Burlington Resources in Houston, which has recently issued USD1.5 billion in fixed-rate debt, is being bombarded by calls from bulge-bracket investment firms pitching interest-rate swaps following its purchase of Canadian Hunter Exploration earlier this month. "Numerous banks are pitching us deals. The phone is constantly ringing," said Dan Hawk, v.p. of the treasury.
Hawk added that if Burlington were to enter interest-rate swaps it would be its first foray in the market in more than three years. Previously it was happy with the level of fixed-rate exposure, but the USD1.5 billion bond offering has made it reconsider its position, according to Hawk.
Morgan Stanley, J.P. Morgan, and Merrill Lynch, all of which have already contacted the energy company, are among Burlington's largest relationship banks and would likely be tapped as possible counterparties for any swap deal, Hawk said. The company is likely to execute the swaps with more than one derivatives house. All three firms declined comment.

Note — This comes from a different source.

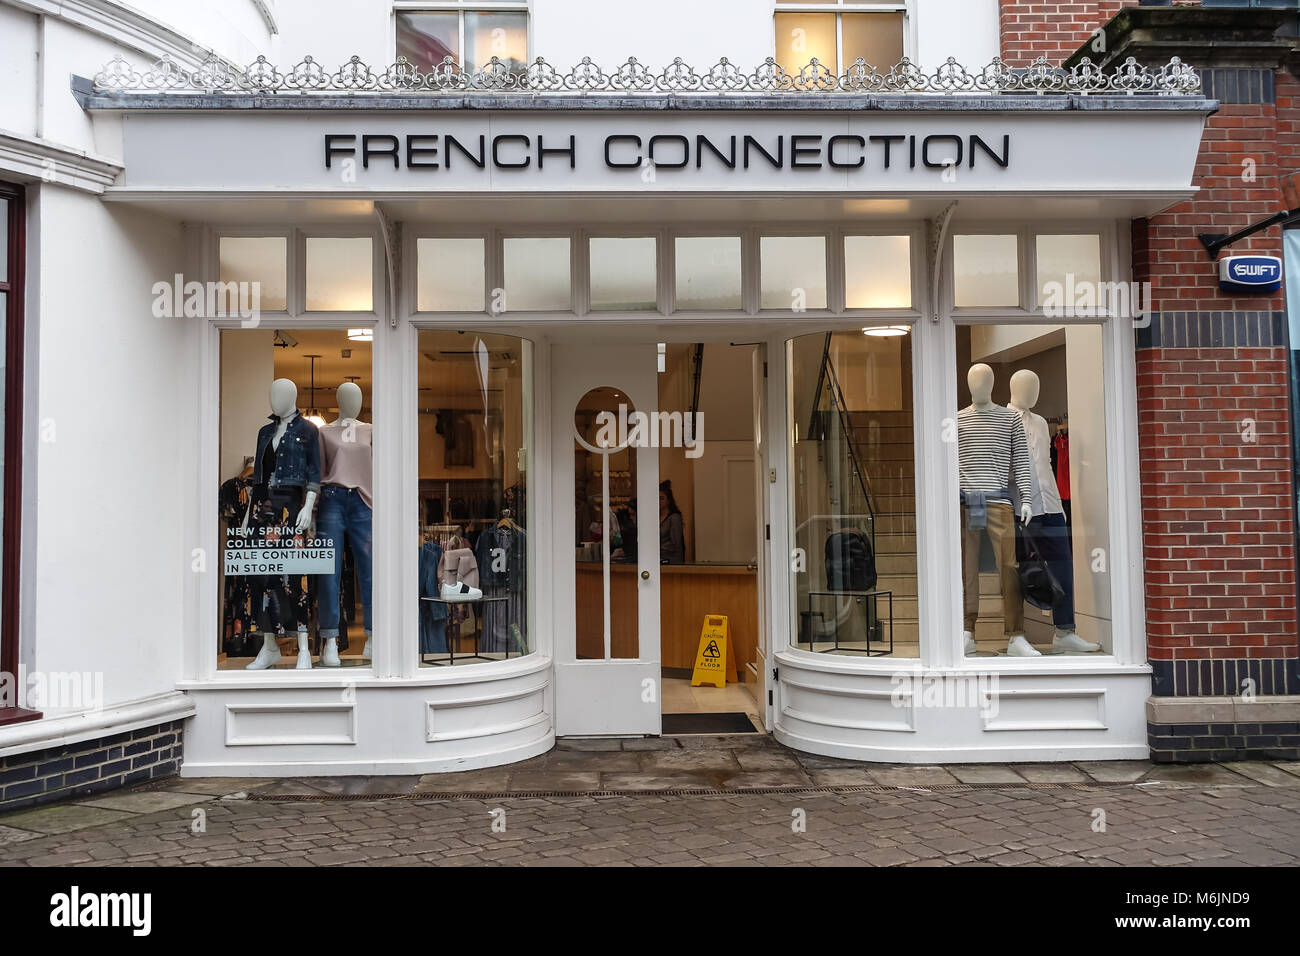 A view of the French Connection clothing shore on Windsor, UK. Stock Photo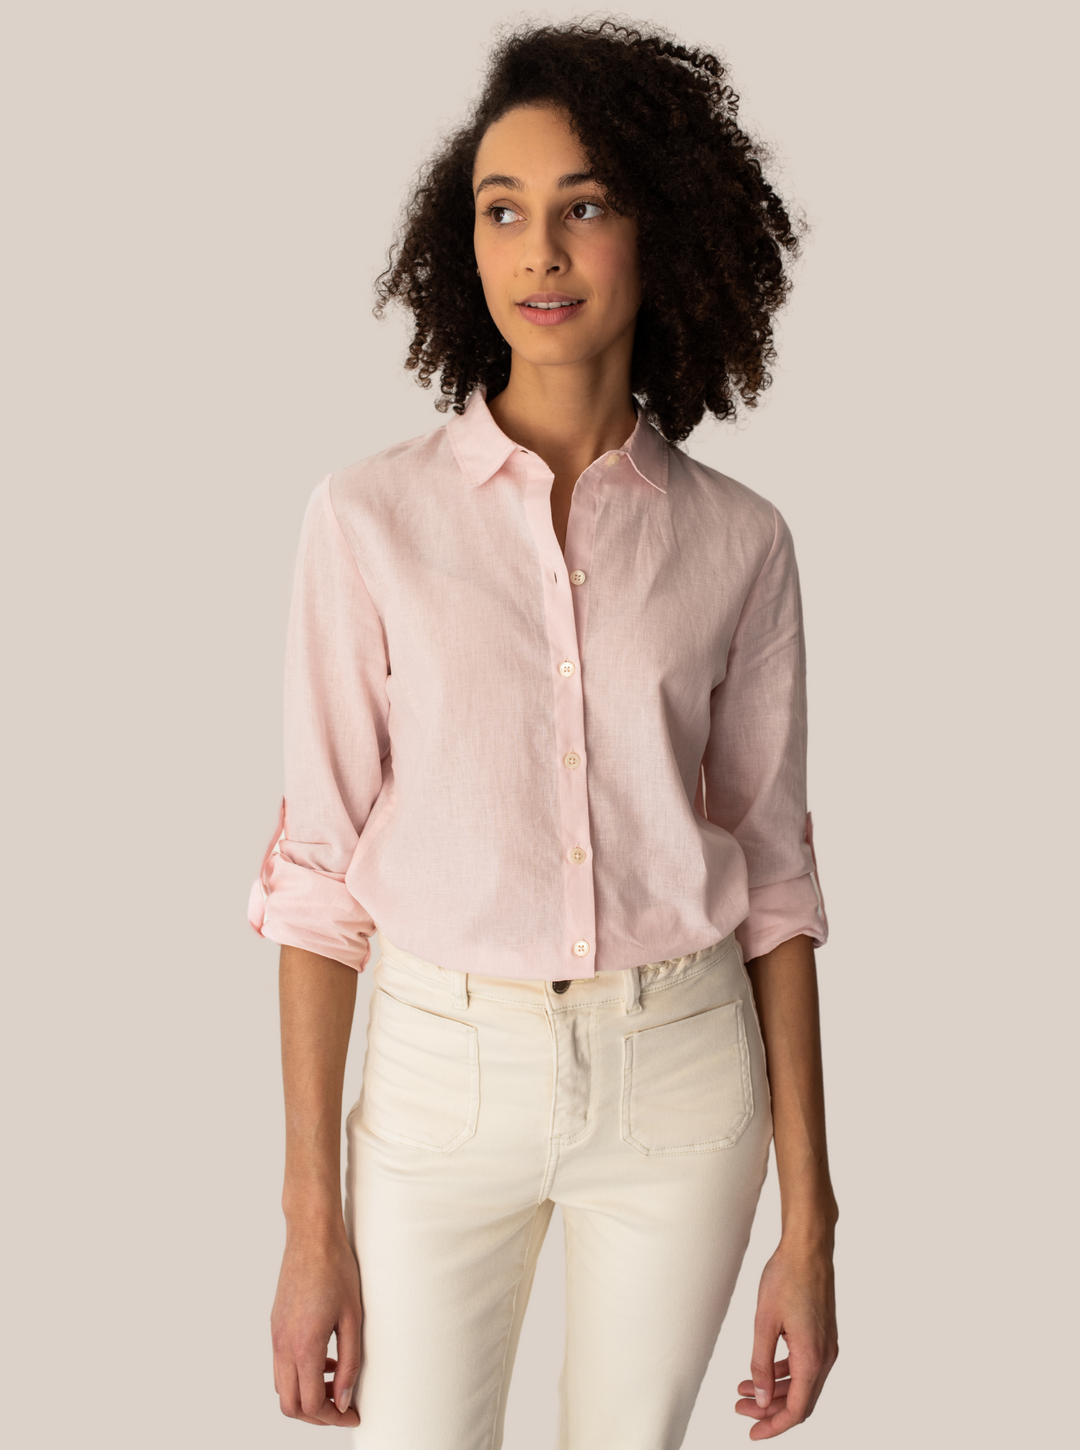 Model with fitted linen blouse in peach colour

Hawk added that Burlington is considering pulling the trigger on several interest-rate swaps next year as a way to reduce its interest-rate exposure. "We have a substantial amount of fixed-rate debt. We're going to take a look at a possible swap and see if makes sense," Hawk said. The likely plan would be for Burlington Resources to enter interest-rate swaps in which the company pays a floating rate and receives the fixed rate of the bond offering. Its November offerings were in three tranches. The five-year notes pay 5.6%, the 10-year notes pay 6.4% and the 30-year notes pay 7.25%.